In case you’ve been oblivious…

Paul Craig Roberts has pointed out that “it is China’s decision whether it calls in the US ambassador, and delivers the message that there will be no attack on Iran or further war unless the US is prepared to buy back $900 billion in US Treasury bonds and other dollar assets.” Roberts argues that only foreigners can finance United States debt; should they cease to do so, or decide to sell off the securities they already hold, the value of the U.S. dollar would drop dramatically, making it impossible for the United States to continue its imperialist (and other) adventures. This would, Roberts argues, also be ruinous for the U.S. economy, as inflation would skyrocket.

At this writing, U.S. national debt stands at nearly $9 trillion. China holds approximately 10% of this debt. Since the United States operates at a deficit, thanks to Republicans who have controlled the US Government since they inherited a surplus from Bill Clinton, the country continuously needs to sell more debt. Should China choose to sell off its holdings, driving down the value of existing debt, the U.S. would have to drastically increase the return, otherwise known as interest, it offers on the new debt it continuously incurs in order to lure buyers; hence Roberts’ claim that “US interest rates depend on China, not on the Federal Reserve.”

China, however, is somewhat trapped. It would lose a considerable amount of money if it suddenly dumped U.S. debt. But, “should the US proceed with sanctions intended to cause the Chinese currency to appreciate, ‘the Chinese central bank will be forced to sell dollars, which might lead to a mass depreciation of the dollar,'” according to “two senior spokesmen for the Chinese government [who] observed that China’s considerable holdings of US dollars and Treasury bonds ‘contributes a great deal to maintaining the position of the dollar as a reserve currency.'”

If the Yuan appreciates significantly, China may lose money on its dollar-denominated assets anyway.

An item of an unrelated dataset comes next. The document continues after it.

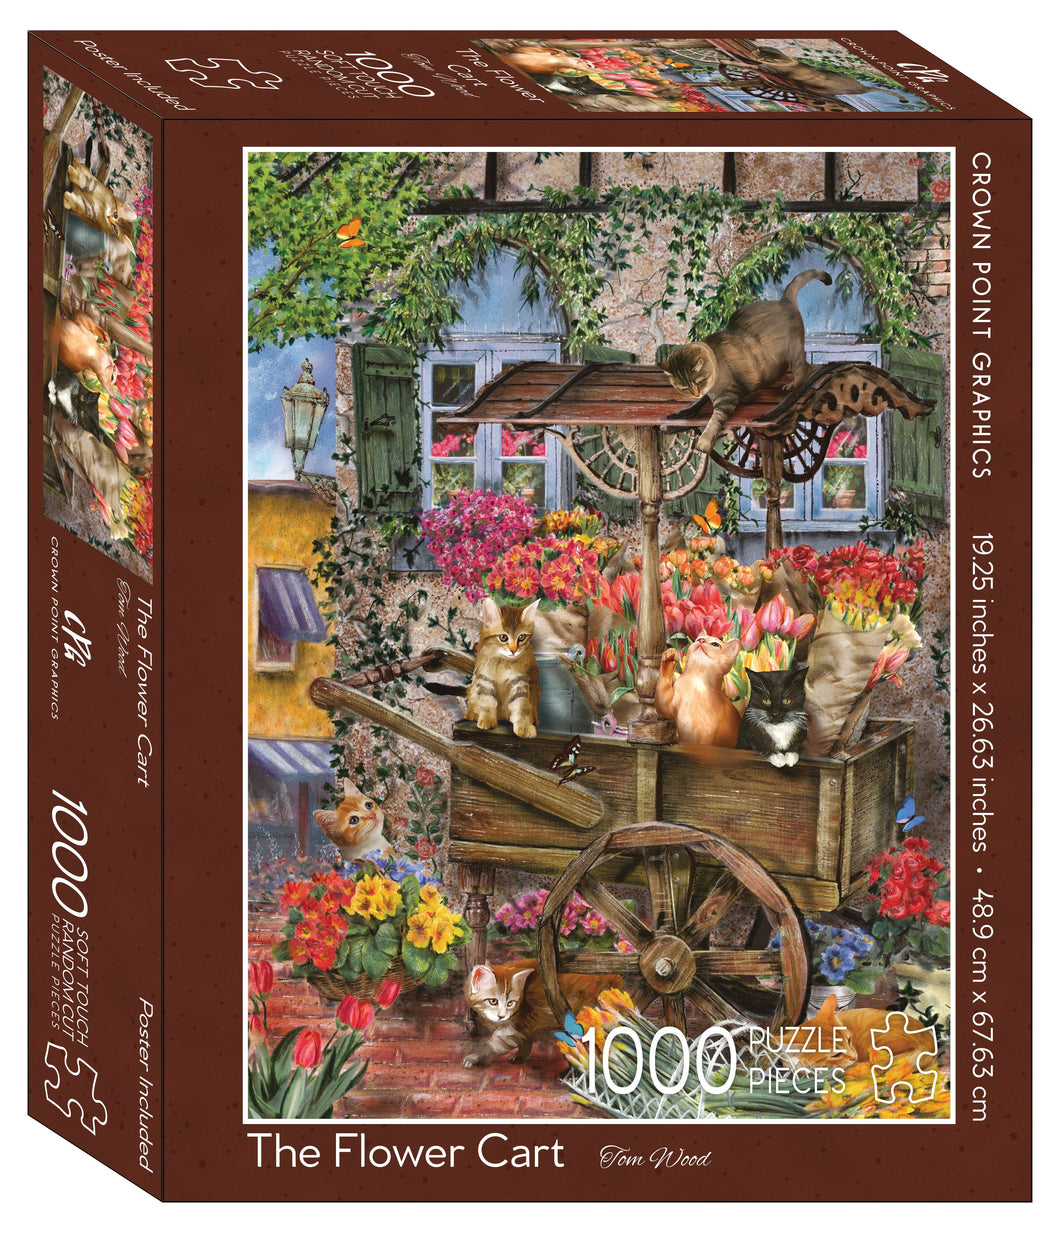 92246 - The Flower Cart - 1000 Piece Puzzle
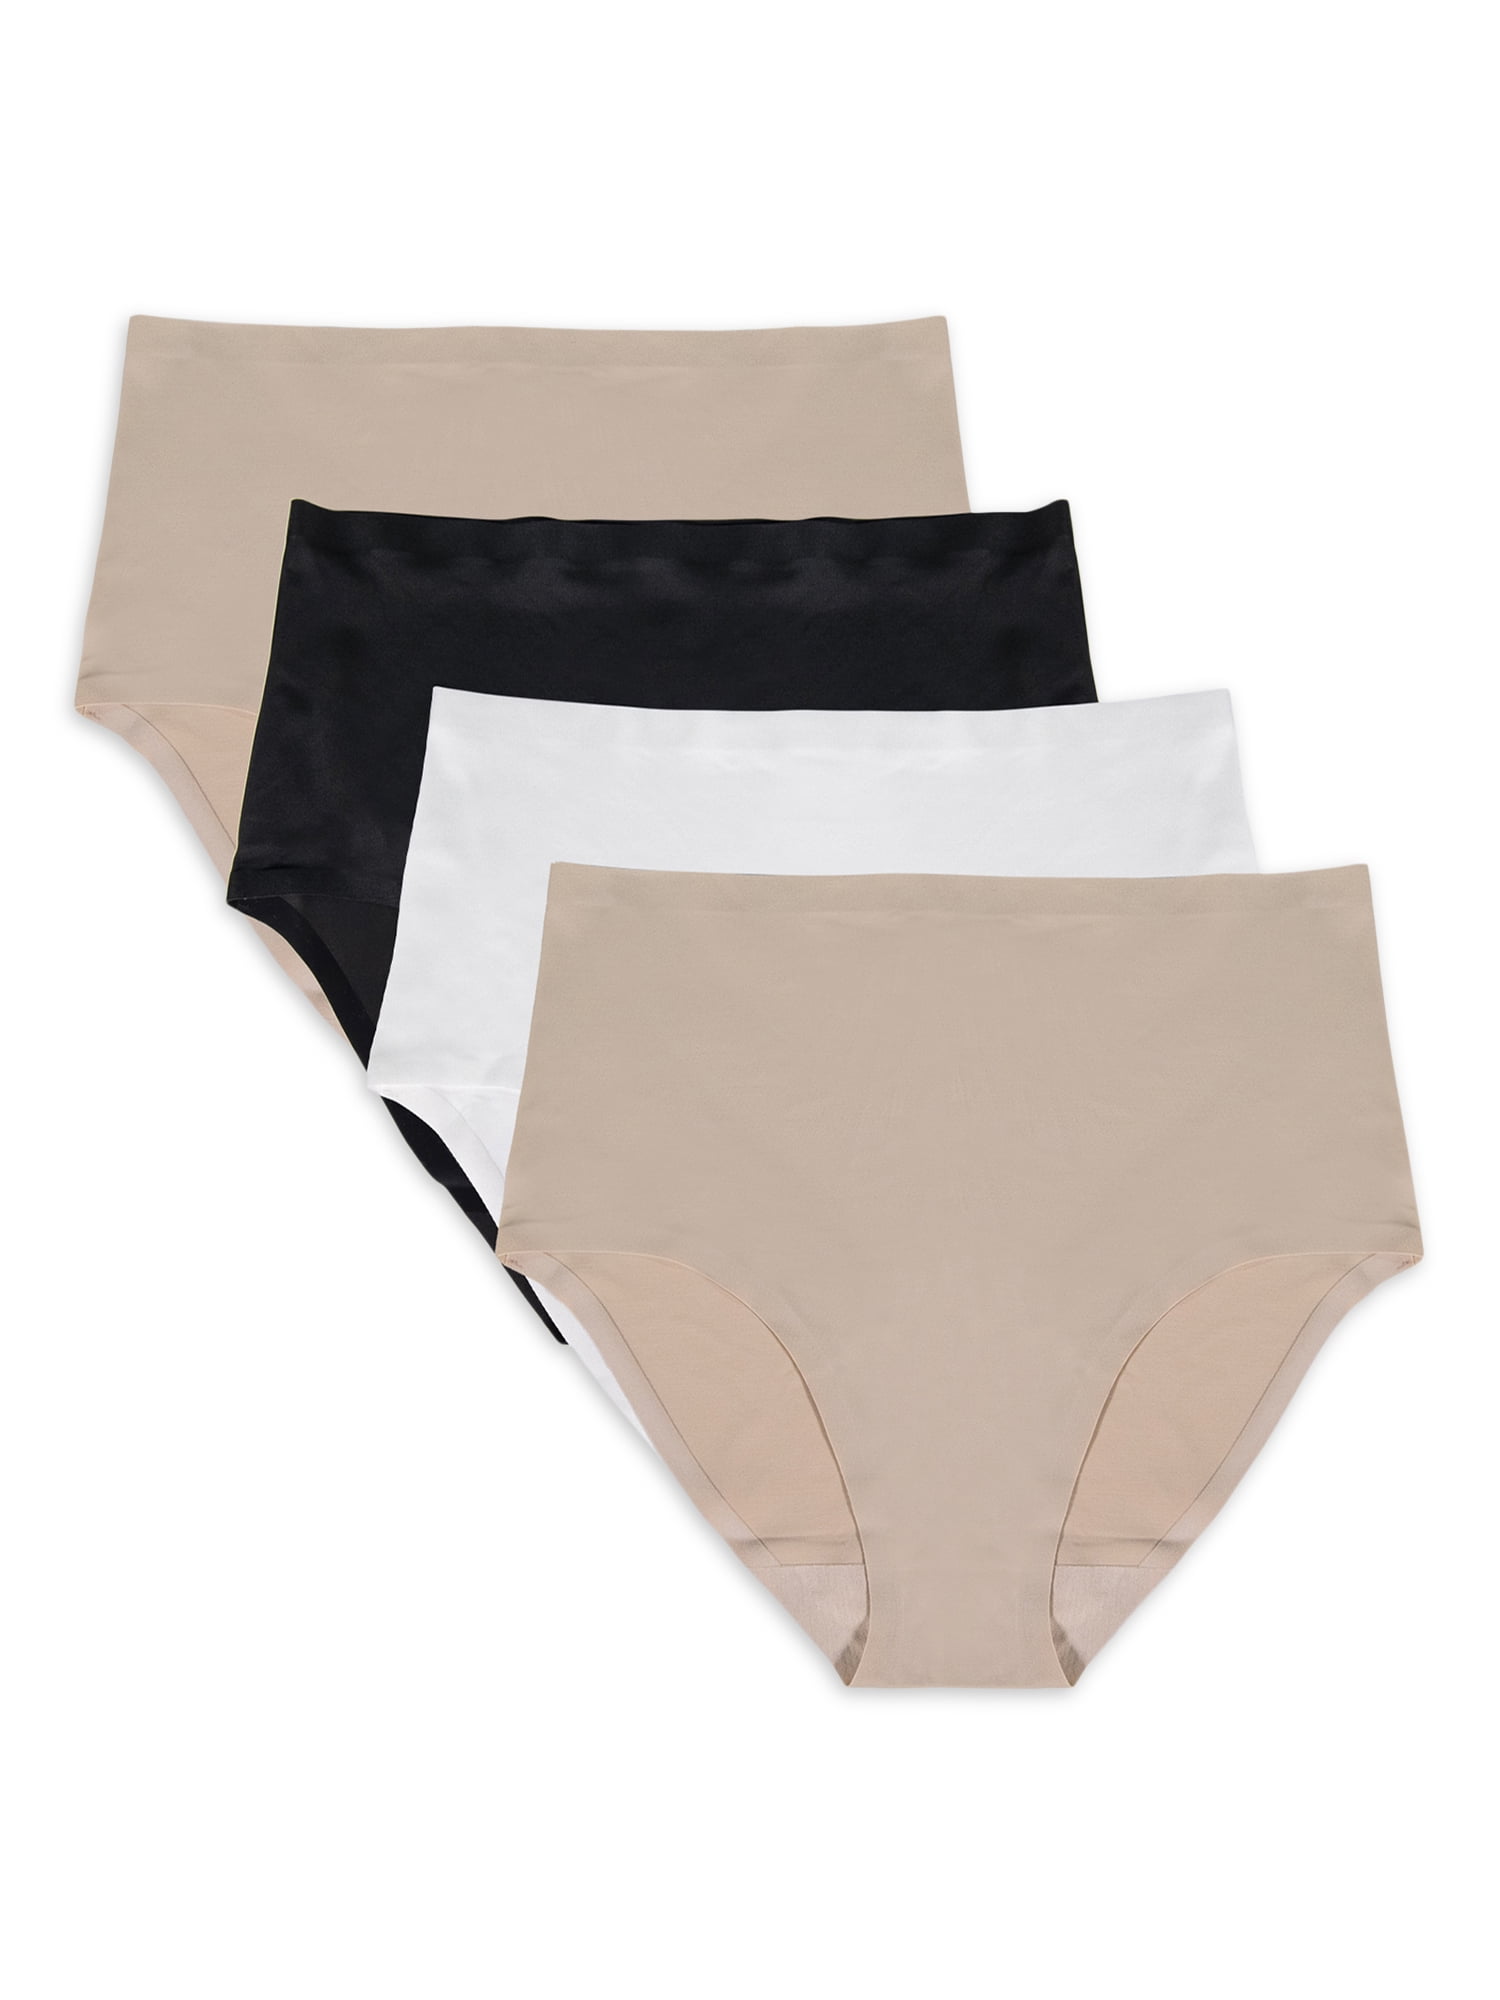 INNERSY Women's Plus Size XL-5XL Cotton Underwear High Waisted Briefs  Panties 4-Pack (2XL,Black)

Japan, which also holds a considerable amount of U.S. debt, rejected an Iranian request that it should pay for oil using non-U.S. currencies. While the Financial Times attributes this decision to U.S. pressure, a drop in the value of the U.S. Dollar would also reduce the value of Japan’s own holdings. But Iran isn’t the only one. According to, “The dollar, down 9.5 percent against the euro this year, may face more pressure in 2007 because Venezuela and oil producers from the United Arab Emirates to Indonesia plan to funnel more money into the single European currency.”

If the sinking dollar has already become a hot potato, it retains value, according to Roberts, only because:

The precarious position of the US dollar as reserve currency has been thoroughly ignored and denied. The delusion that the US is “the world’s sole superpower,” whose currency is desirable regardless of its excess supply, reflects American hubris, not reality. This hubris is so extreme that only 6 weeks ago McKinsey Global Institute published a study that concluded that even a doubling of the US current account deficit to $1.6 trillion would pose no problem.